Sunday, October 9, 2022

Richmond’s Own: Oscar “Reddy” Foster

  The evening of March 14, 1908 was not a quiet one, and under overcast skies many families who lived in the now vanished Richmond neighborhood of Fulton were spending an uneasy night on their porches and patrolling their alleys. On Louisiana Street, between Sixth and Seventh, residents were particularly tense with the sound of voices and people walking up and down the cobblestones. The Richmond Police had been put on alert, extra patrolmen were assigned to Fulton, and everyone was wide awake late into the night and talking about the man who threatened to burn down the whole of Louisiana Street, starting with his wife’s home. In the close-set frame houses of Fulton, the danger of fire was not something to be taken lightly and they all knew the source of the threat, too, making the image of blazes sweeping across Fulton valley even more believable. “The neighbors stood guard for some time, ready to move their chattels at a moment’s notice and to vent their anger,” reported the Richmond Times-Dispatch in an article headlined, “Neighborhood in Uproar..”

 

A view of the town of Fulton asReddy Foster knew it, ca. 1910.

 

  The residents, the police, and his family were all looking for Oscar “Reddy” Foster: baseball player, Richmond native, would-be arsonist, wife beater, and notorious mean drunk. Foster didn’t add to his fame and carry out his threat against Fulton, although he was spotted sulking through the streets of the neighborhood. “Foster was seen to pass the place several times,” reported the Times Dispatch, “but no match was struck, and he was allowed to depart in peace.” Hardly an admirable figure, Foster was nevertheless one of the few Richmonders who made it, albeit for only one shining afternoon, to play in the big leagues in the rough and rawboned world of late-nineteenth century American baseball.

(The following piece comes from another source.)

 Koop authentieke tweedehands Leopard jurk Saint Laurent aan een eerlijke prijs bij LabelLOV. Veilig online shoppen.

  That March night Foster was enraged that his former wife had claimed all the pay from their son’s job at the nearby Richmond Cedar Works, leaving the aging ballplayer nothing for the week. Foster’s oath to exact revenge on her and the entire neighborhood resulted in that nocturnal panic in Fulton. It was one more example of the drunken Foster being famous in Richmond, but not for his skill or achievements but rather his drinking and his temper. Even a history of baseball’s early players is quick to note Foster “was known as a hard-drinking, rough and ready ballplayer whose temper usually got the best of him.” In 1908 Foster appeared in Richmond Police Court to answer for beating up both his sister and her husband after they made disparaging remarks about Foster’s mother, and he was released after paying a $35 fine. The news was reported under the heading, “Old Player Fined,” further adding to the image of Reddy Foster as being a has-been and washed up at age 44 and no doubt adding to his rage and frustration.

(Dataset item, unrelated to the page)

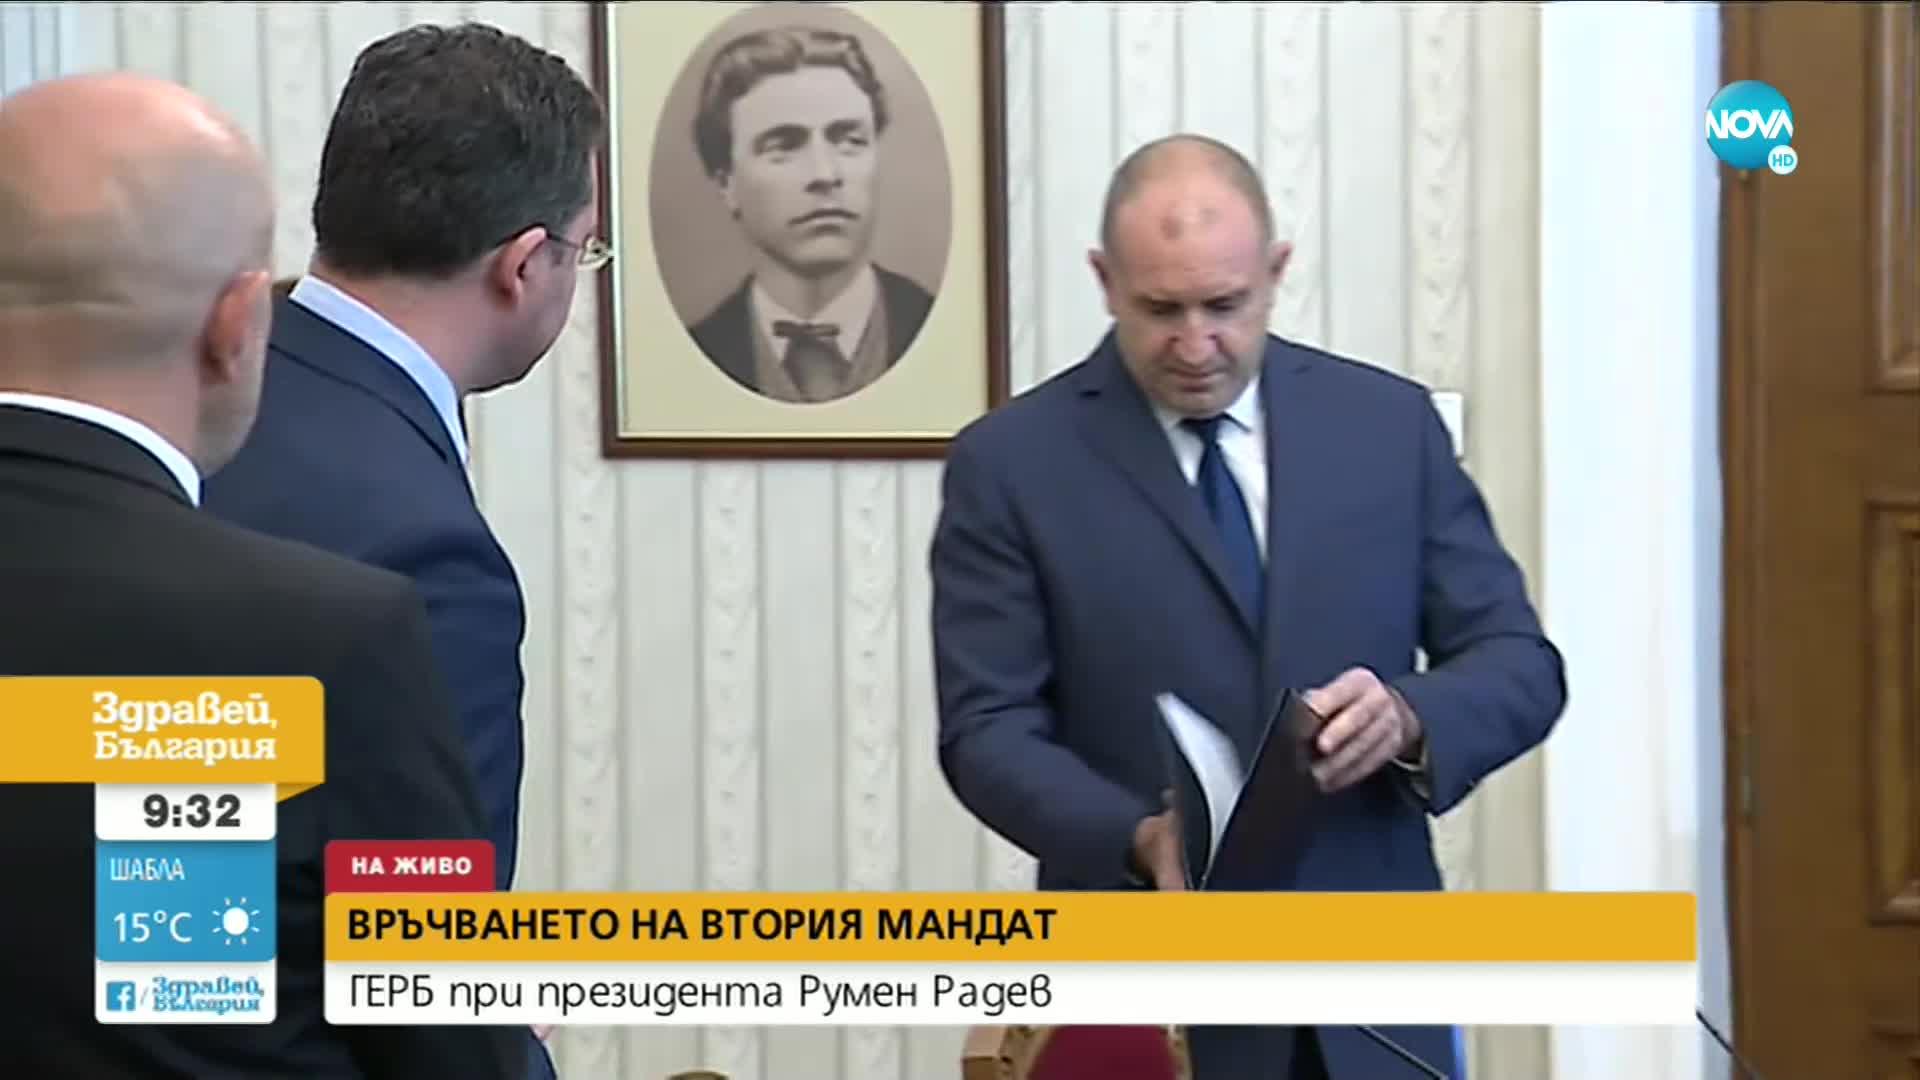 Президентът връчи втория мандат на ГЕРБ-СДС, Даниел Митов го върна

  Foster also had a reputation of taking out his shortcomings on Mary, his long-suffering wife. “Reddy’s continued abuse after team losses became so commonplace that his wife came up with an ‘early warning system,’” wrote one historian of the era. When Foster’s team won, she would be home when he got there as he was then a “happy drunk.” When the team lost, she would arrange for someone to get word to her so she could flee before the drunk and belligerent Foster got home, and she would wait safely at a neighbor’s house for him to sober up.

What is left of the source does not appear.